Saturday 21 December 2013

Harsh Mander | A law to end targeted violence


India needs a law to check the menace of communal and caste violence. The arguments against it are spurious


   
Among free India’s gravest failures—along with its inability to end hunger, pervasive poverty and discrimination—is the continued targeting of people with violence and arson only because of their faith or caste. This periodic blood-letting, mass sexual assault and arson leaves a trail of great suffering of innocents, and repeated assaults against the idea of a pluralist and humane India.

Decades of engagement and study of communal violence in India has convinced me that no riot can continue beyond a few hours unless state authorities choose to allow the violence to persist. Despite this, in Nellie in 1983, Delhi in 1984, Bhagalpur in 1989, Mumbai in 1992-93, Gujarat in 2002, Kandhamal in 2008 and Muzaffarnagar in 2013, state administrations mostly consented to allow large-scale targeted massacres to unfold. For people in uniform and magistrates to take sides in hate battles is a profound crime against humanity. Yet this still is recognized at best as a moral failure, not a punishable crime.

For this reason, the centrepiece of the proposed Communal and Targeted Violence Bill which Parliament may consider this winter session is the creation of a new crime, of “dereliction of duty by public officials” punishable with up to five years’ imprisonment. Combined with “command responsibility”, this makes the senior political or administrative authority who directs officials not to act, or to act with bias, criminally culpable.

Chief ministers J. Jayalalithaa and Narendra Modi have argued that this measure will demoralize officers. This is equivalent to the argument that anti-corruption laws will cause official paralysis. On the contrary, such laws strengthen and support officers of moral integrity and fairness, because they shield them from illicit political pressures and defend them from punitive action. At the Centre for Equity Studies, our studies of many riots demonstrate empirically that those rare officers who display exemplary courage by upholding the law with fairness and firmness are routinely punished, whereas biased officers named explicitly in the reports of commissions of enquiry in almost every case have been rewarded. This law will damage the morale only of officers who choose to ignore their duty under the law and the Constitution.

We also found in virtually every episode of targeted mass violence the impunity of those who perpetrate hate atrocities because of the institutional bias of the criminal justice system.

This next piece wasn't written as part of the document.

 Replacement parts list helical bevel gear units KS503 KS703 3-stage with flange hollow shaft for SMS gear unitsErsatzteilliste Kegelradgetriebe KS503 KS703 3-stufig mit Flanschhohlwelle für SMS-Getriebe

In the way criminal justice procedures are framed, the victim has virtually no role. It is the state which investigates, charge-sheets, prosecutes and appeals. This is because it is assumed that the state will always be on the side of the victim and opposed to the accused. But in incidents of targeted violence, state institutions—the police, prosecution and magistracy—may actually be hostile to the victim on communal or caste grounds, and support the accused. Therefore, the second major pillar of the Bill is protecting victims’ rights during the justice process, allowing her to get copies of police statements, adduce her own evidence independent of the public prosecutor, and appeal in the event of acquittals.

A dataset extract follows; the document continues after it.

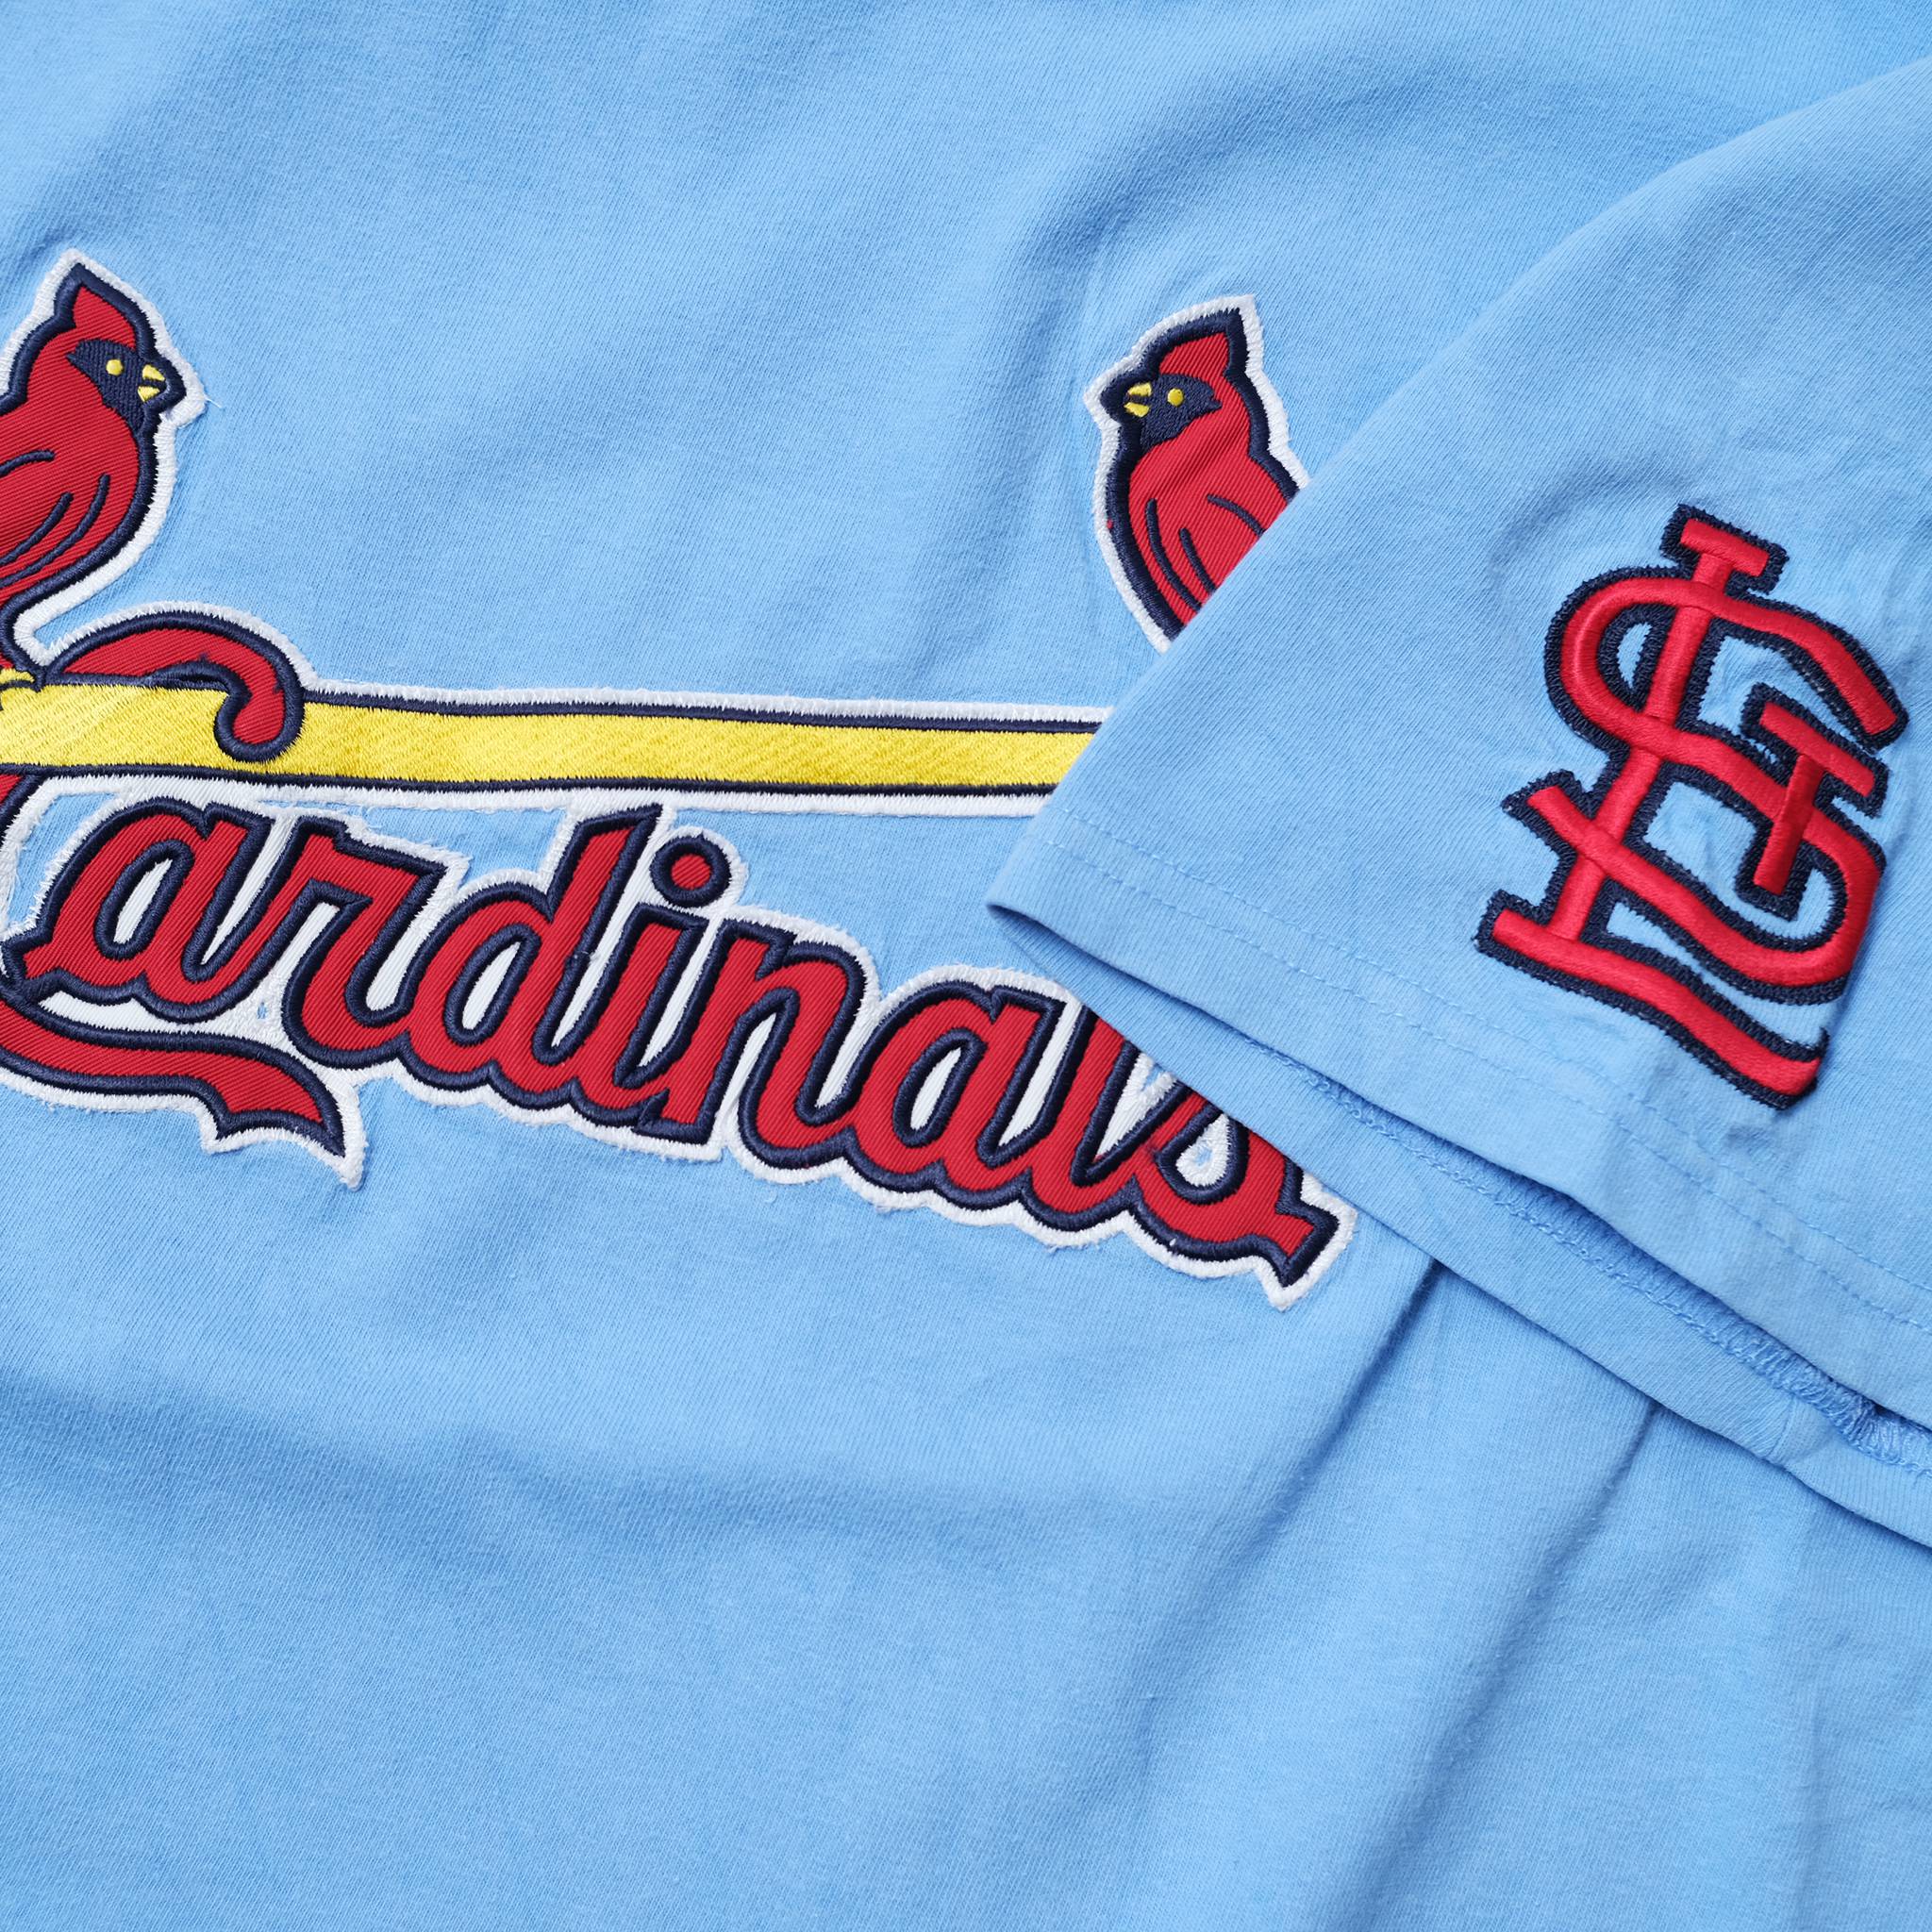 Vintage St. Louis Cardinals T-Shirt Men’s Size 2XL Logo 7 Made in USA Navy  Blue

The third essential pillar of the Bill prescribes national minimum standards for relief and rehabilitation. In both Gujarat and Muzaffarnagar, state governments refused to institute relief camps, gave tightfisted support to the camps which the victimized community was forced to establish, and then prematurely wound up the camps before the survivors had the confidence to return home. In most riots, reparation is grossly inadequate to enable the survivors to rebuild their broken lives, shelters and livelihoods. What is more, compensation rates differ widely, and are seen as instruments of selective political largesse rather than the rights of survivors from a caring and just state.

Another charge against the Bill is that it violates the federal structure because law and order is the exclusive domain of the states. However, the constitutional framework does envisage the duty of the Union government to protect the national integrity which is threatened in times of targeted hate violence. Still, responding to the sensitivities of any state, the current revised draft Bill deletes the creation of any overarching central National Authority charged with ensuring fairness and justice by state governments in communal situations. Instead, these duties have been conferred on existing institutions: the National Human Rights Commission and State Human Rights Commissions. The powers of these commissions under the Bill are no more than what they enjoy today—to observe, enquire and recommend, but not to encroach on the authority of state governments.

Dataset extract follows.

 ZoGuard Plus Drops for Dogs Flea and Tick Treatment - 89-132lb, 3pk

There is reason for people to argue that the timing of the Bill—nine years too late and at the eve of a formidably uphill general election—does render the motives behind its belated introduction suspect. But I have spent time with survivors of many episodes of mass communal violence, from Nellie and Tilak Vihar, Delhi dating back three decades to the recent survivors of the carnages in Lower Assam and Muzaffarnagar. The enormity of their suffering—as they struggle even today with unspeakable loss, with permanently broken lives, haunted by memories of hate and betrayal—makes it imperative for all parties which claim to be secular to set aside political competitiveness. Let them come together to build consensus for the passage of a law which could help finally push into history targeted hate violence.

Harsh Mander is a former member of the National Advisory Council.